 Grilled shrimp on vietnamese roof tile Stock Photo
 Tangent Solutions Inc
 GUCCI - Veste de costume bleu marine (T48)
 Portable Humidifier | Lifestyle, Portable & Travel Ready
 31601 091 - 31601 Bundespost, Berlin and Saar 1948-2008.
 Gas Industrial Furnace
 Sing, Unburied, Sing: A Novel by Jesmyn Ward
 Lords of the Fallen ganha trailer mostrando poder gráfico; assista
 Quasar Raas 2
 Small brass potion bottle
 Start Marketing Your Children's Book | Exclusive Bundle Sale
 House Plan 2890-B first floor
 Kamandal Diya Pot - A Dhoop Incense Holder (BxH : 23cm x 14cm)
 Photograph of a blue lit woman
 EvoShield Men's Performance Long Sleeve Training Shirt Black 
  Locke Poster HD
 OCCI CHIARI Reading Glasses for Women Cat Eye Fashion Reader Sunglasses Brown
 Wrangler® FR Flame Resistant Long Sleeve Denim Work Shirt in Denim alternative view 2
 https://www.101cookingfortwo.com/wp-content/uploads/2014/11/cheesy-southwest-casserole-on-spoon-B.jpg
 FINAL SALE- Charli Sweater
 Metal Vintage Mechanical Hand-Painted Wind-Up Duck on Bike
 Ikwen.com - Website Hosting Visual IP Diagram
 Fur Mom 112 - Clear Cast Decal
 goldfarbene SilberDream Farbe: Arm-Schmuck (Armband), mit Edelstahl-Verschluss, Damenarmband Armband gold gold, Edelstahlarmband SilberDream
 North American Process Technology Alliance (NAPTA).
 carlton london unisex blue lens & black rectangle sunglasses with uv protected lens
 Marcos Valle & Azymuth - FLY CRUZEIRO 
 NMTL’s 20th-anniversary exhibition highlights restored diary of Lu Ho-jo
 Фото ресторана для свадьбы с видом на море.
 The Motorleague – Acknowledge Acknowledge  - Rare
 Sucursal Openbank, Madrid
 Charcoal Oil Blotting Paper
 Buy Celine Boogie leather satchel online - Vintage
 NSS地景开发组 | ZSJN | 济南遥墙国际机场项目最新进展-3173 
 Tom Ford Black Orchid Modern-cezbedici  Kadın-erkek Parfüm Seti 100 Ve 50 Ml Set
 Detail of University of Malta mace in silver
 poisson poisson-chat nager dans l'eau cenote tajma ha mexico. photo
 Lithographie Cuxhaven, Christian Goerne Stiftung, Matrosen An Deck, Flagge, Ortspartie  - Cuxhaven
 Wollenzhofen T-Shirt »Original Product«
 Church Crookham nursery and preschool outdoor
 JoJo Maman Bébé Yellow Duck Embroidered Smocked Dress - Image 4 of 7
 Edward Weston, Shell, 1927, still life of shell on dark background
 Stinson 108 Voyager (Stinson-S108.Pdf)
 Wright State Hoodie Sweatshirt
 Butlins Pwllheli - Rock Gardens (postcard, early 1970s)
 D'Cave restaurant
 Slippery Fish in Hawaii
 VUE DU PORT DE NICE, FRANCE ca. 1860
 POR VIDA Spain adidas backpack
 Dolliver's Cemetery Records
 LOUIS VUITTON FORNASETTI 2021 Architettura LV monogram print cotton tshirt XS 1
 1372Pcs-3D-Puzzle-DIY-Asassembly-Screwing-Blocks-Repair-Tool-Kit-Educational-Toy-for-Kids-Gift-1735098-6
=======
### Instructions for the task:
Copy out the entries above without altering a single character.

### Answer section:
 Grilled shrimp on vietnamese roof tile Stock Photo
 Tangent Solutions Inc
 GUCCI - Veste de costume bleu marine (T48)
 Portable Humidifier | Lifestyle, Portable & Travel Ready
 31601 091 - 31601 Bundespost, Berlin and Saar 1948-2008.
 Gas Industrial Furnace
 Sing, Unburied, Sing: A Novel by Jesmyn Ward
 Lords of the Fallen ganha trailer mostrando poder gráfico; assista
 Quasar Raas 2
 Small brass potion bottle
 Start Marketing Your Children's Book | Exclusive Bundle Sale
 House Plan 2890-B first floor
 Kamandal Diya Pot - A Dhoop Incense Holder (BxH : 23cm x 14cm)
 Photograph of a blue lit woman
 EvoShield Men's Performance Long Sleeve Training Shirt Black 
  Locke Poster HD
 OCCI CHIARI Reading Glasses for Women Cat Eye Fashion Reader Sunglasses Brown
 Wrangler® FR Flame Resistant Long Sleeve Denim Work Shirt in Denim alternative view 2
 https://www.101cookingfortwo.com/wp-content/uploads/2014/11/cheesy-southwest-casserole-on-spoon-B.jpg
 FINAL SALE- Charli Sweater
 Metal Vintage Mechanical Hand-Painted Wind-Up Duck on Bike
 Ikwen.com - Website Hosting Visual IP Diagram
 Fur Mom 112 - Clear Cast Decal
 goldfarbene SilberDream Farbe: Arm-Schmuck (Armband), mit Edelstahl-Verschluss, Damenarmband Armband gold gold, Edelstahlarmband SilberDream
 North American Process Technology Alliance (NAPTA).
 carlton london unisex blue lens & black rectangle sunglasses with uv protected lens
 Marcos Valle & Azymuth - FLY CRUZEIRO 
 NMTL’s 20th-anniversary exhibition highlights restored diary of Lu Ho-jo
 Фото ресторана для свадьбы с видом на море.
 The Motorleague – Acknowledge Acknowledge  - Rare
 Sucursal Openbank, Madrid
 Charcoal Oil Blotting Paper
 Buy Celine Boogie leather satchel online - Vintage
 NSS地景开发组 | ZSJN | 济南遥墙国际机场项目最新进展-3173 
 Tom Ford Black Orchid Modern-cezbedici  Kadın-erkek Parfüm Seti 100 Ve 50 Ml Set
 Detail of University of Malta mace in silver
 poisson poisson-chat nager dans l'eau cenote tajma ha mexico. photo
 Lithographie Cuxhaven, Christian Goerne Stiftung, Matrosen An Deck, Flagge, Ortspartie  - Cuxhaven
 Wollenzhofen T-Shirt »Original Product«
 Church Crookham nursery and preschool outdoor
 JoJo Maman Bébé Yellow Duck Embroidered Smocked Dress - Image 4 of 7
 Edward Weston, Shell, 1927, still life of shell on dark background
 Stinson 108 Voyager (Stinson-S108.Pdf)
 Wright State Hoodie Sweatshirt
 Butlins Pwllheli - Rock Gardens (postcard, early 1970s)
 D'Cave restaurant
 Slippery Fish in Hawaii
 VUE DU PORT DE NICE, FRANCE ca. 1860
 POR VIDA Spain adidas backpack
 Dolliver's Cemetery Records
 LOUIS VUITTON FORNASETTI 2021 Architettura LV monogram print cotton tshirt XS 1
 1372Pcs-3D-Puzzle-DIY-Asassembly-Screwing-Blocks-Repair-Tool-Kit-Educational-Toy-for-Kids-Gift-1735098-6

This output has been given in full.